**COLLECTED MATERIAL**.
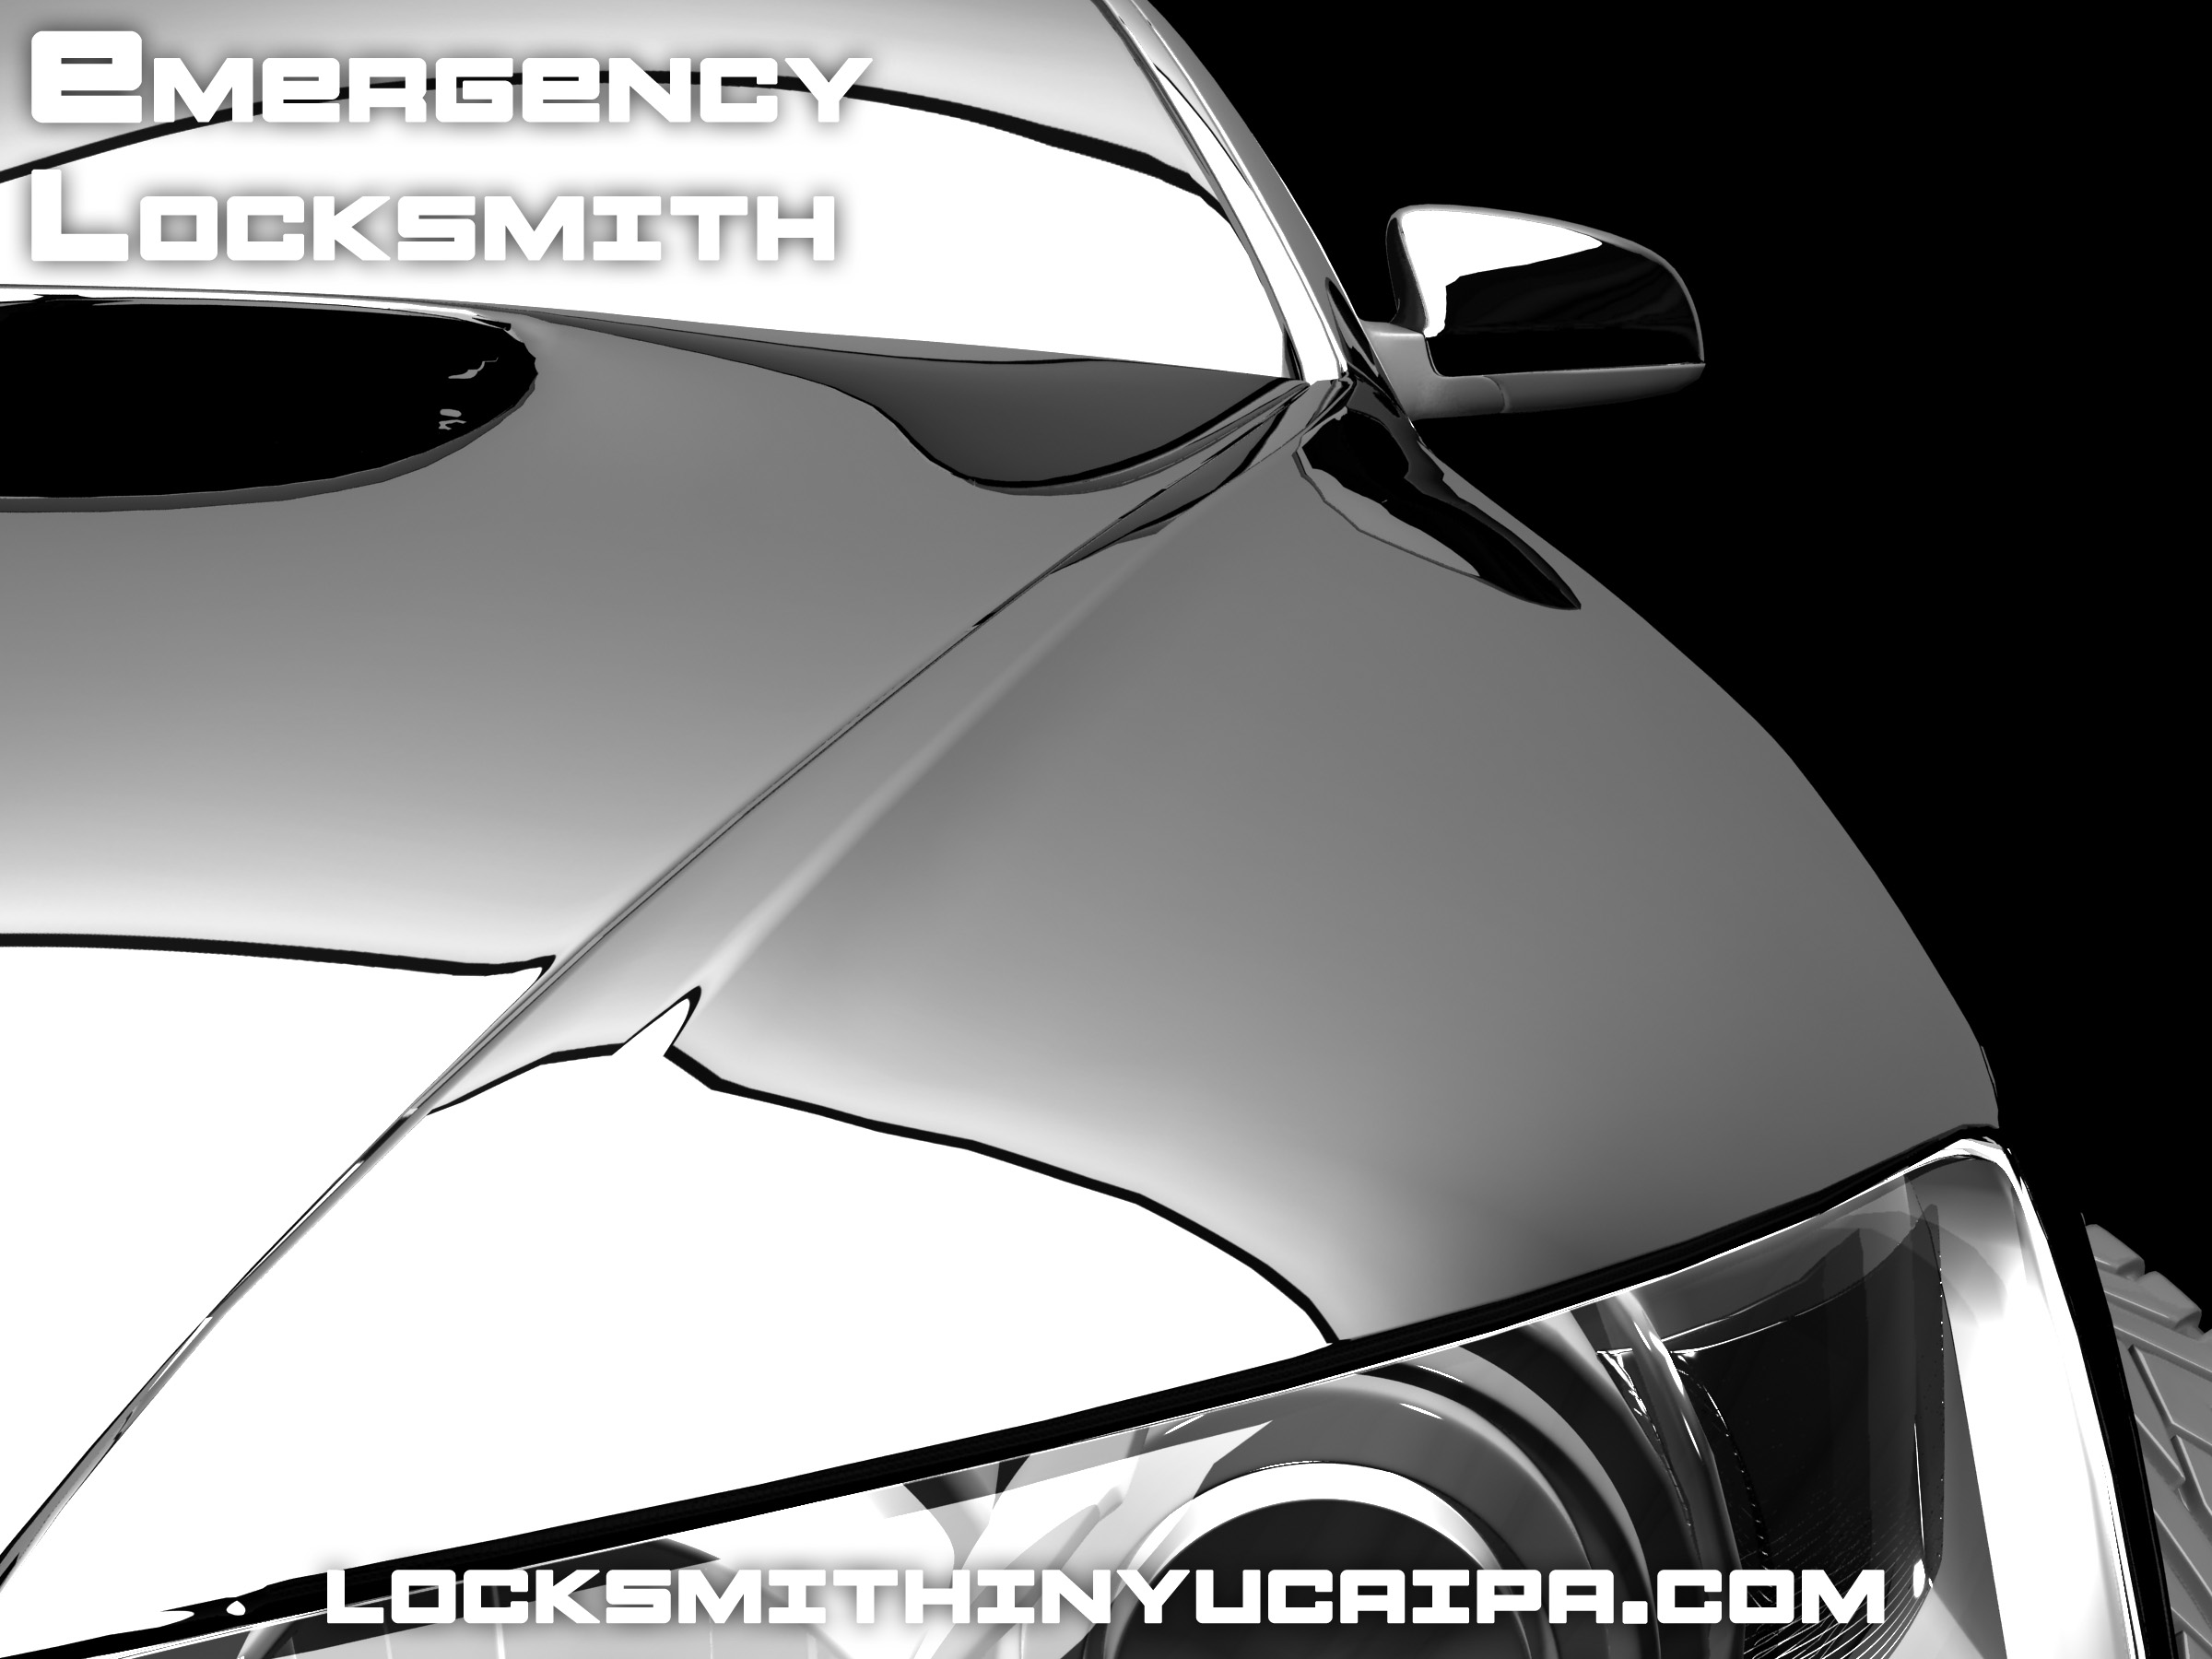 Yucaipa-locksmith-Emergency
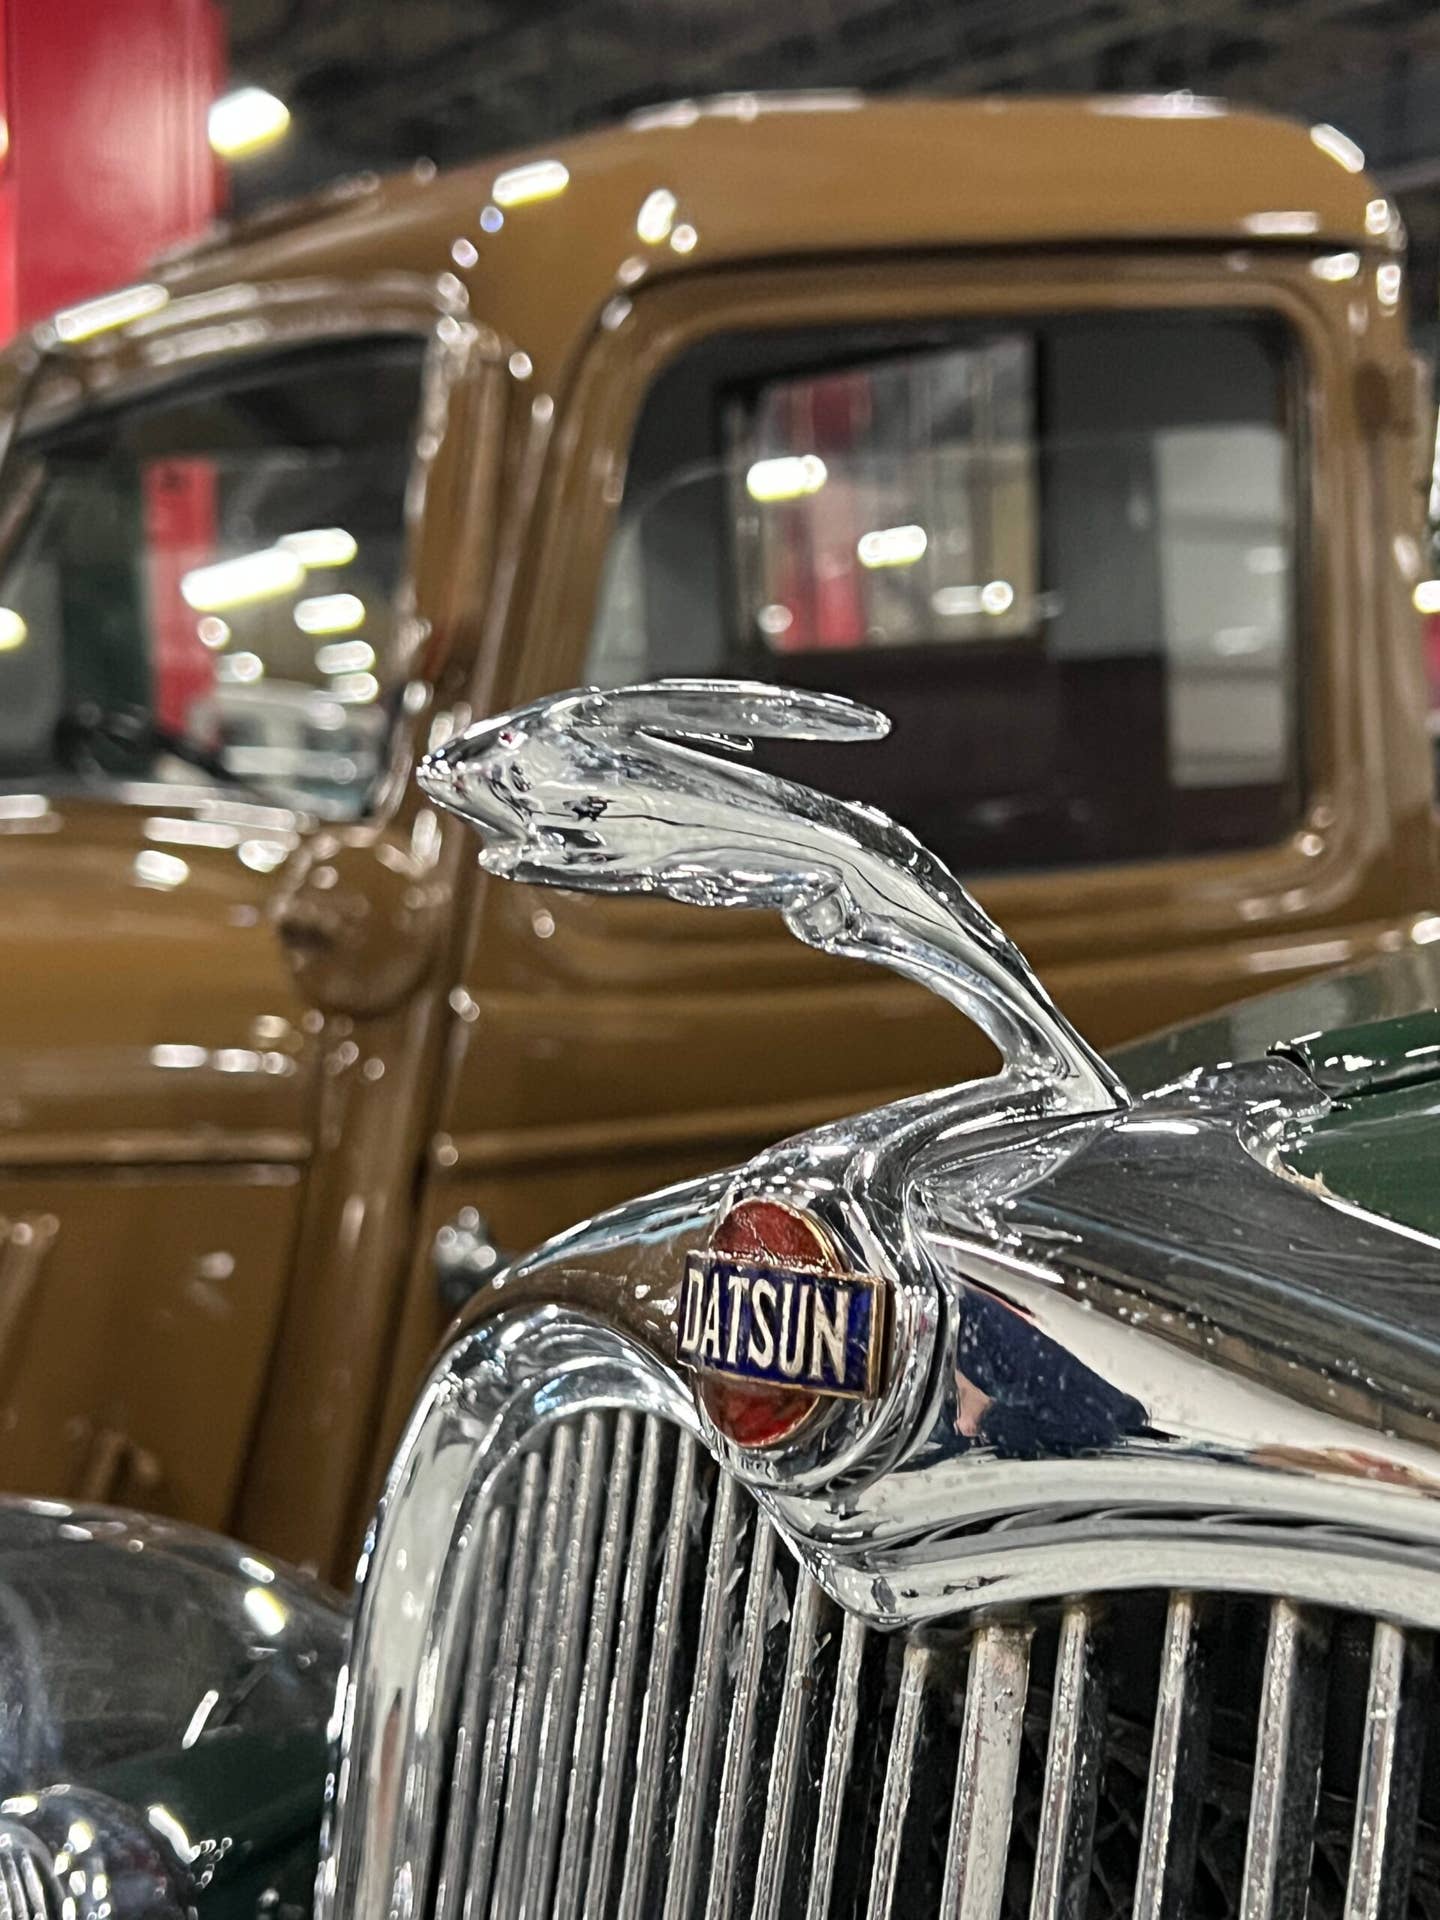 Datsun "dashing rabbit" hood ornament on an early pickup truck.
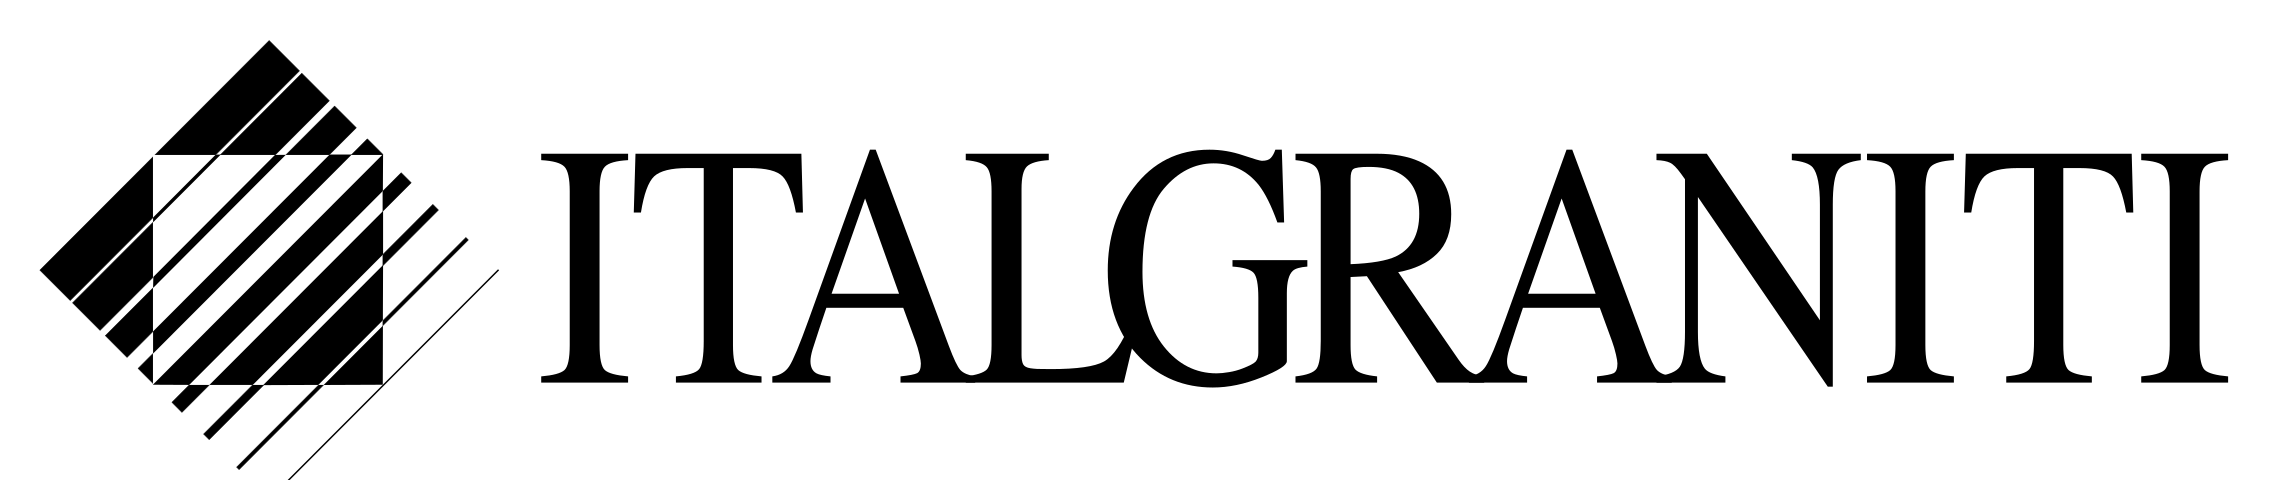 Sirt Torino - italgraniti logo png transparent e1649324509873

**WORK INSTRUCTIONS**. Every line above should be returned word for word, with the pictures left behind.

**OUTPUT FOR THIS TASK**.
 Yucaipa-locksmith-Emergency
 Datsun "dashing rabbit" hood ornament on an early pickup truck.
 Sirt Torino - italgraniti logo png transparent e1649324509873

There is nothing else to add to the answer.